EXERCISE BRIEF: Every line of the material below needs to be copied exactly; omit the pictures.

INFORMATION SHOWN:
[Start of section]

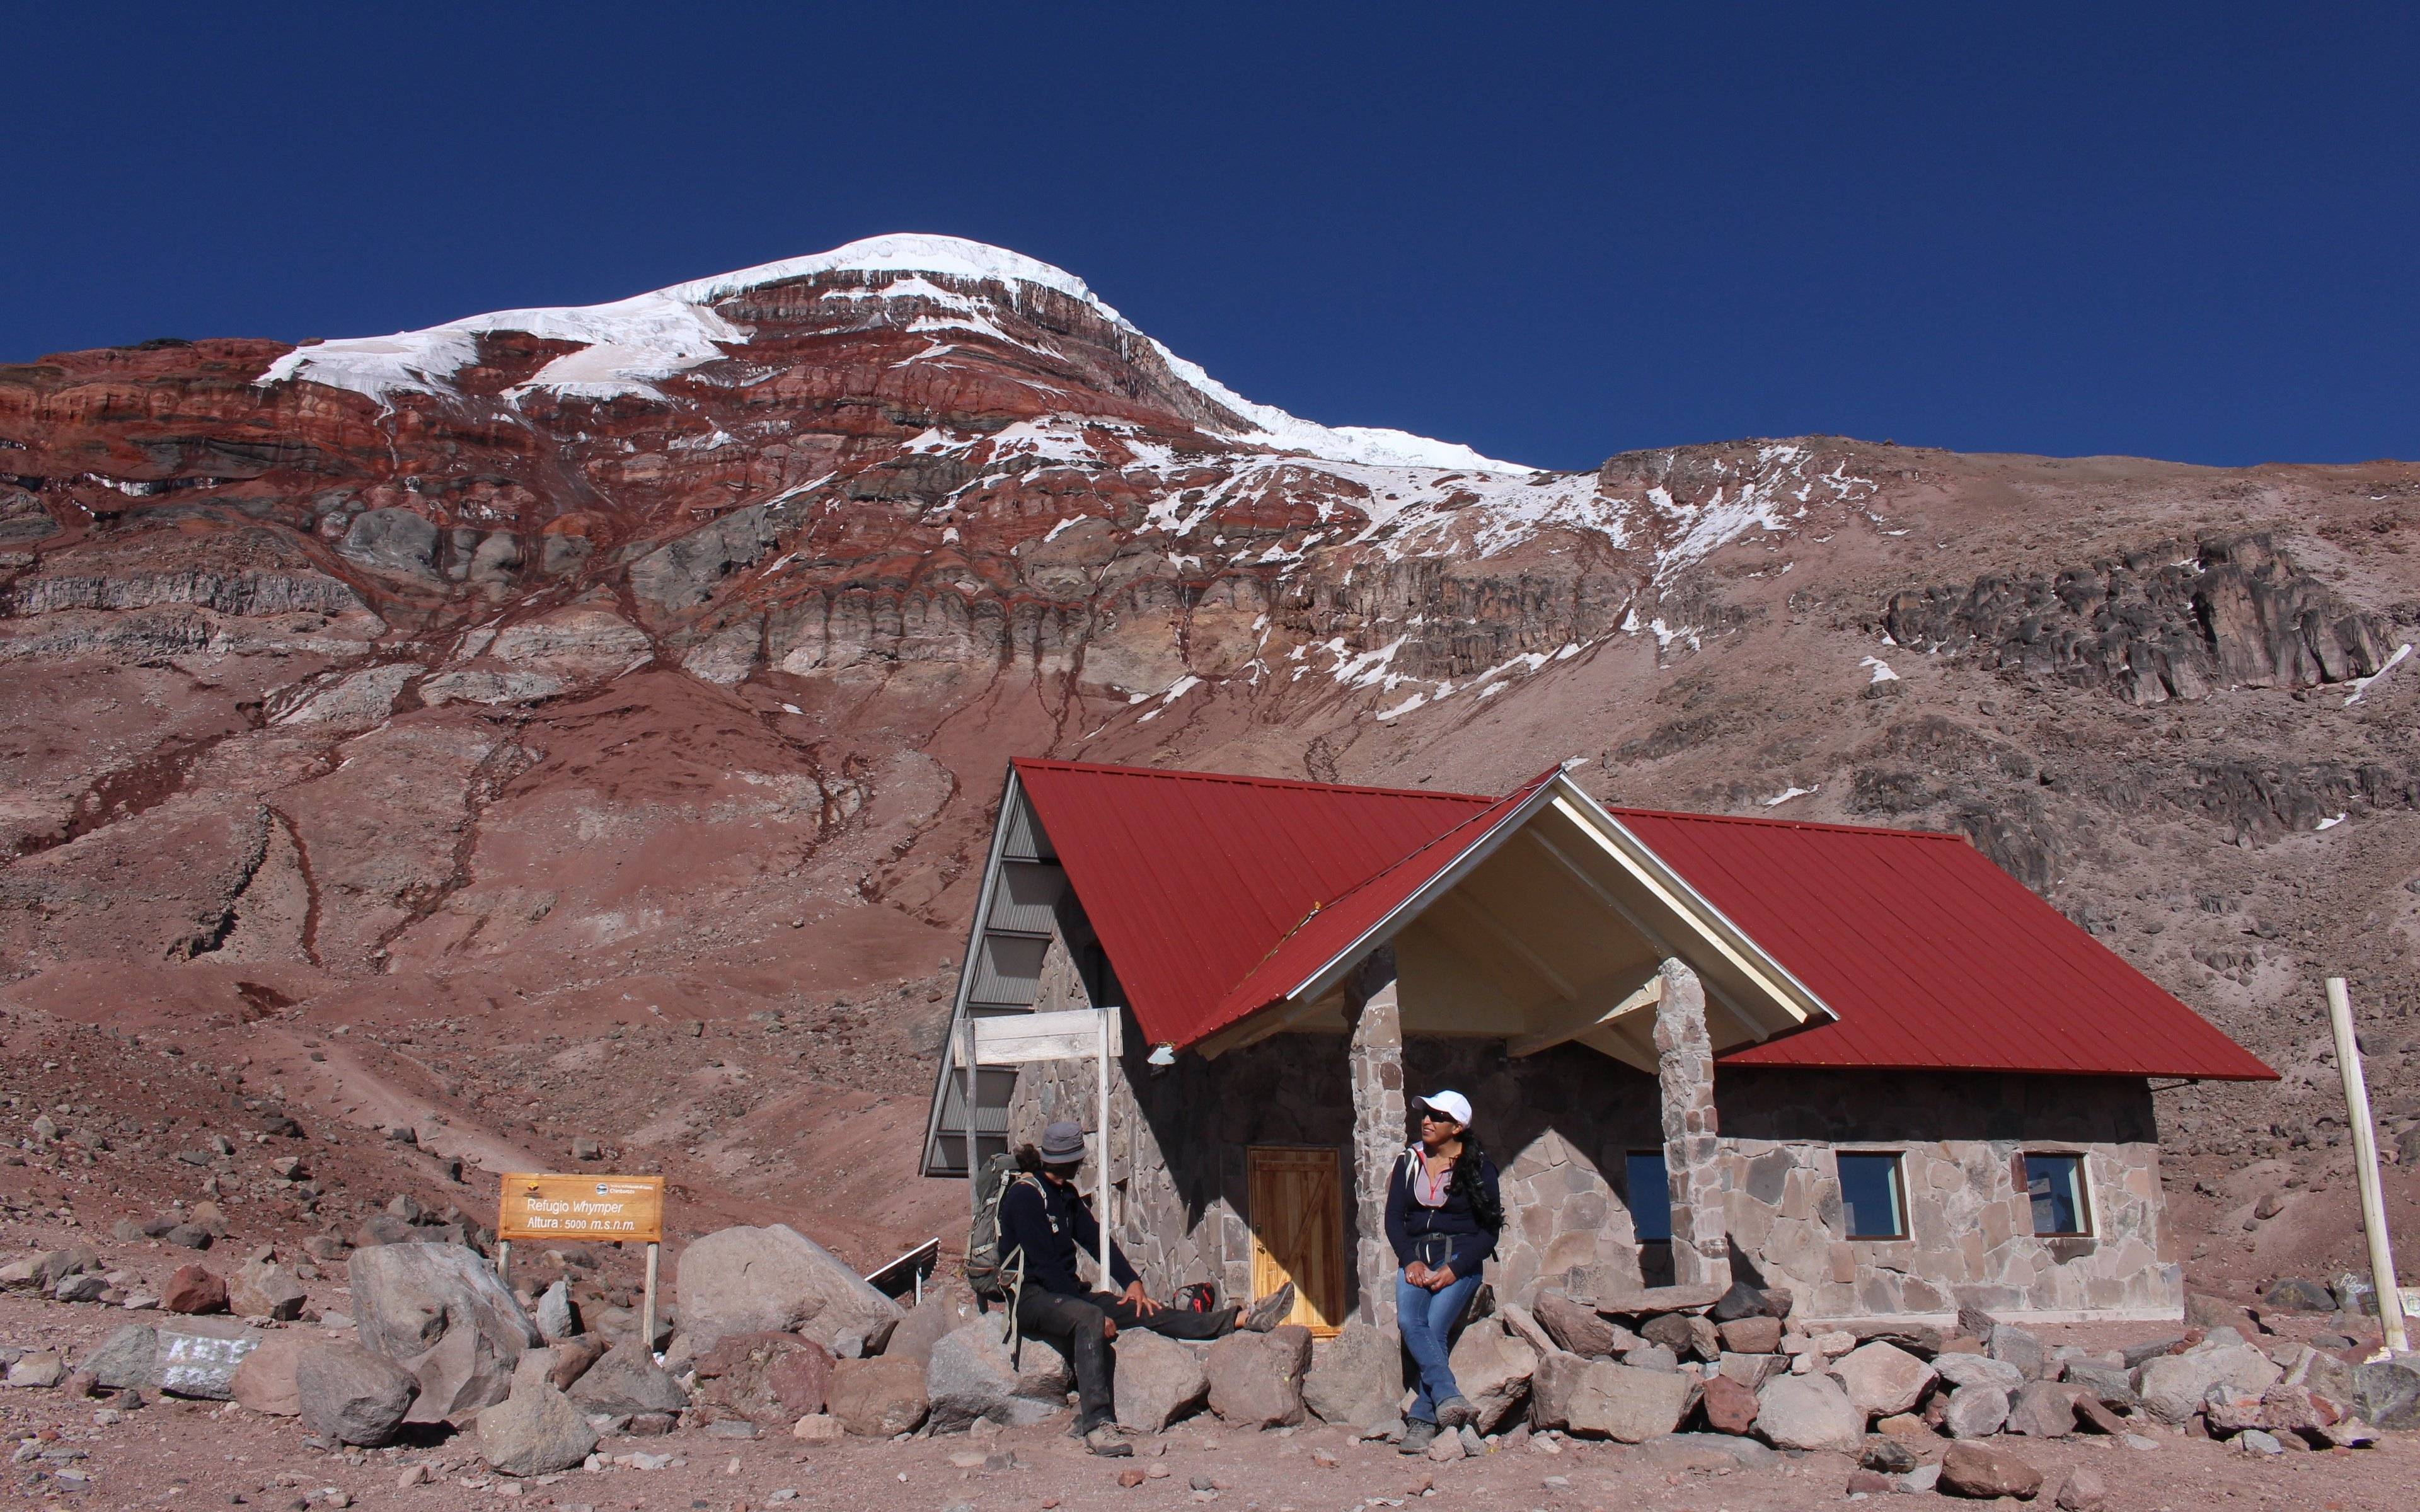 Höchster Punkt der Reise: 5.000 m am Chimborazo und rasante Bikeabfahrt
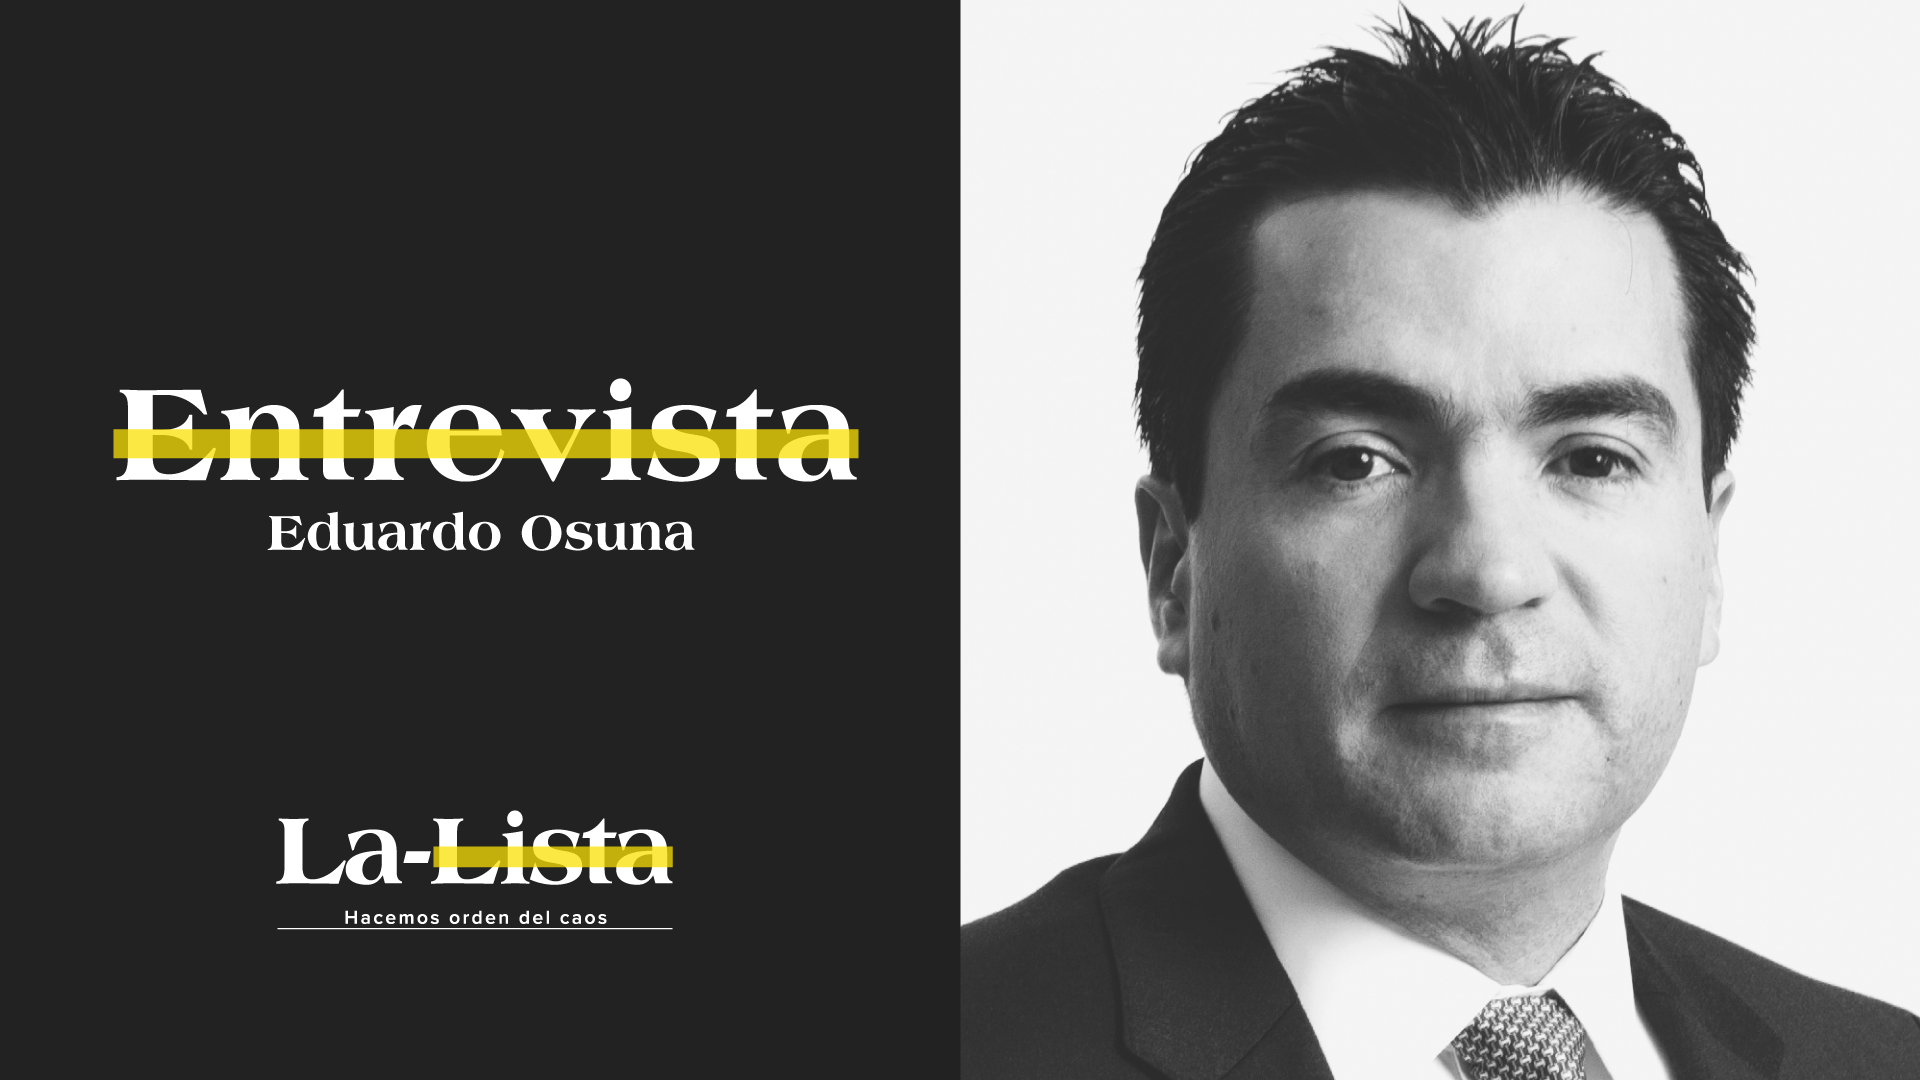 El sistema financiero aprendió lo que no se debe hacer: Eduardo Osuna, Director de BBVA
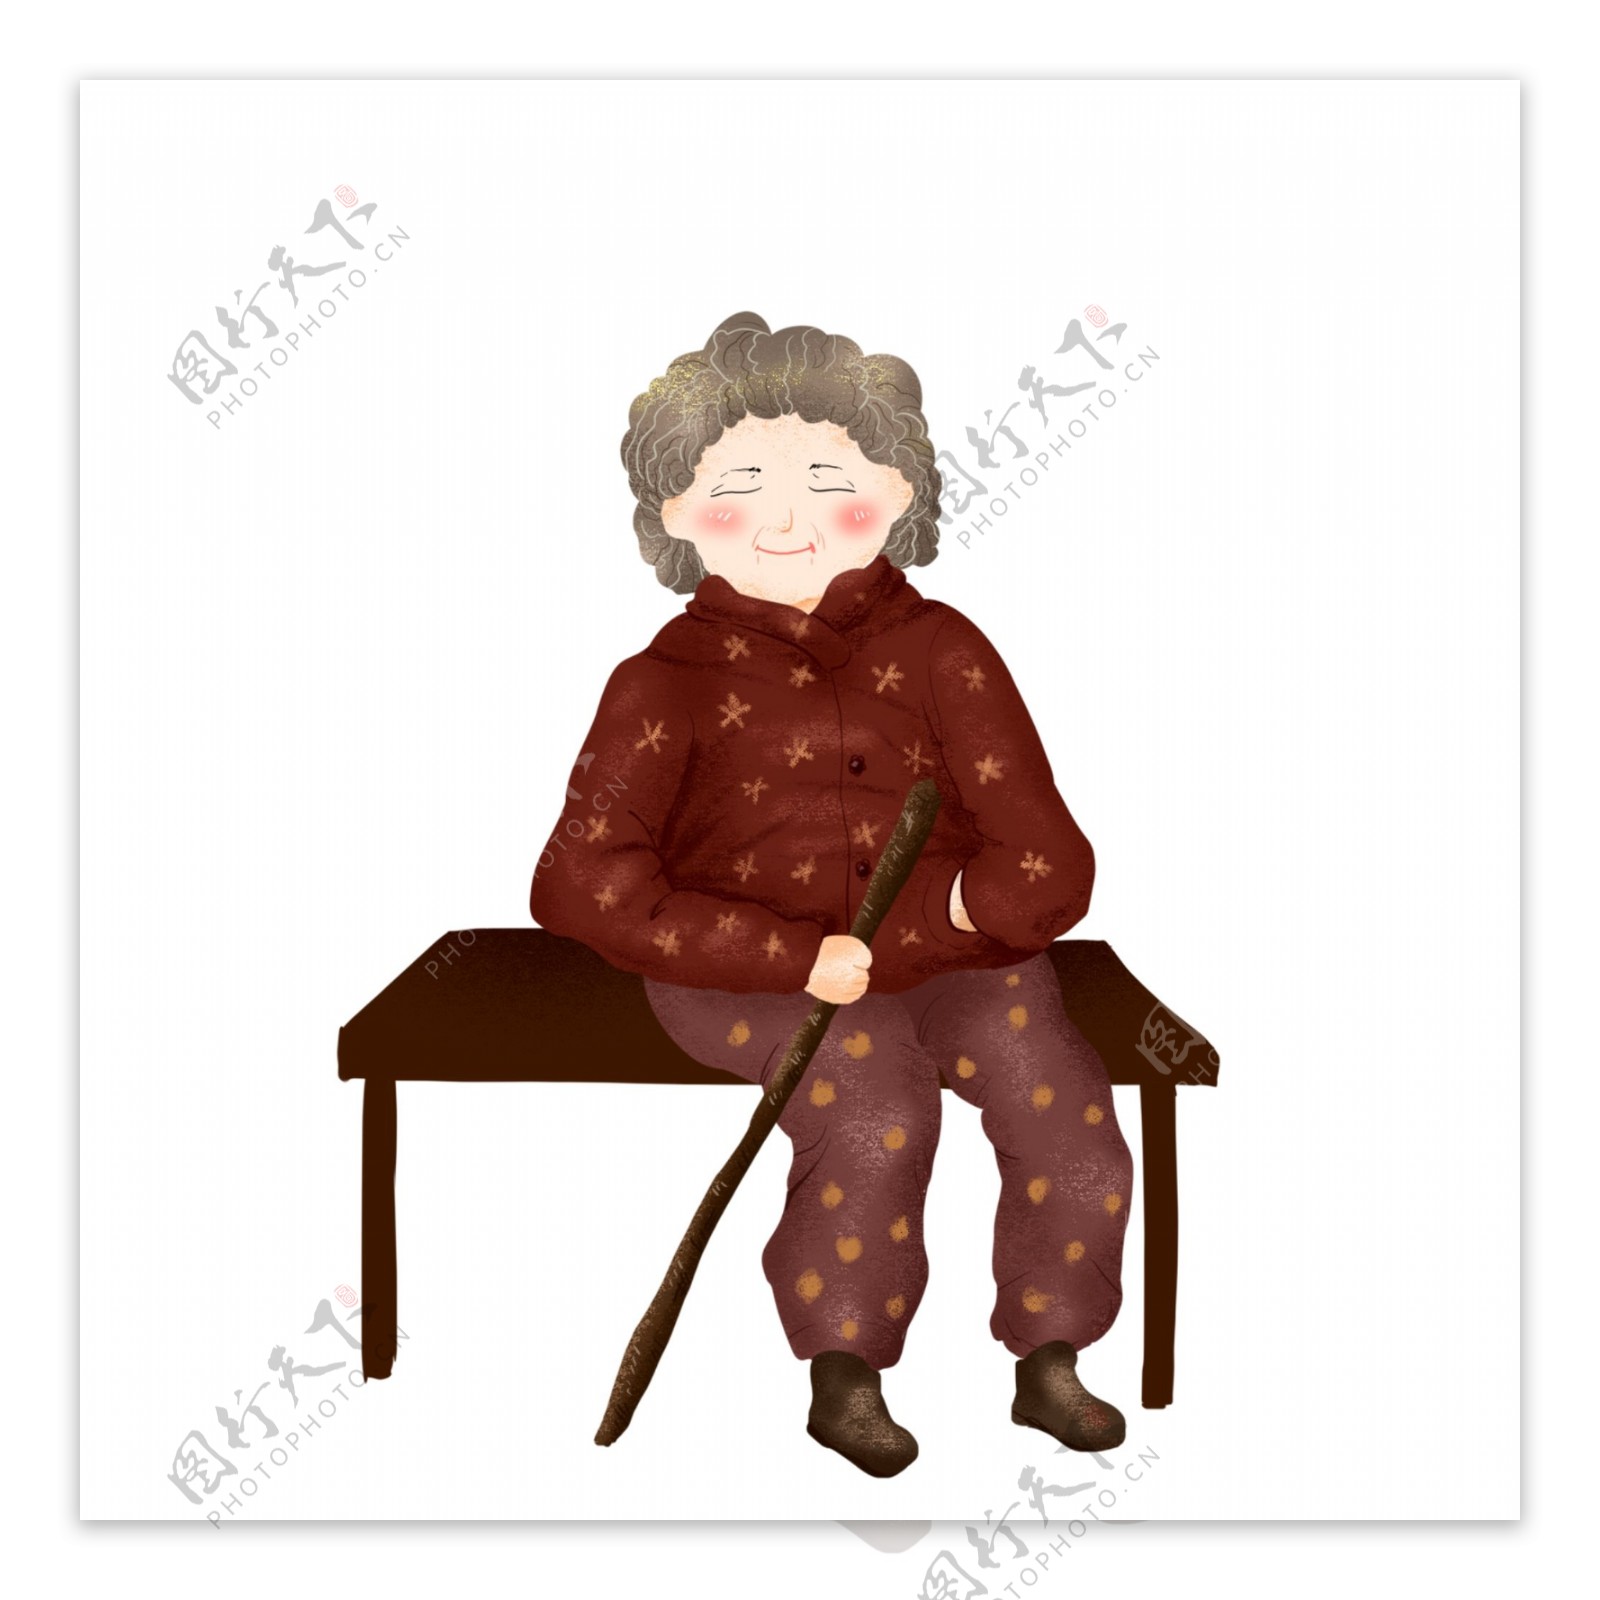 坐在椅子上的老奶奶人物元素

[End of section]

ANSWER TO THIS EXERCISE:
 Höchster Punkt der Reise: 5.000 m am Chimborazo und rasante Bikeabfahrt
 El sistema financiero aprendió lo que no se debe hacer: Eduardo Osuna, Director de BBVA
 坐在椅子上的老奶奶人物元素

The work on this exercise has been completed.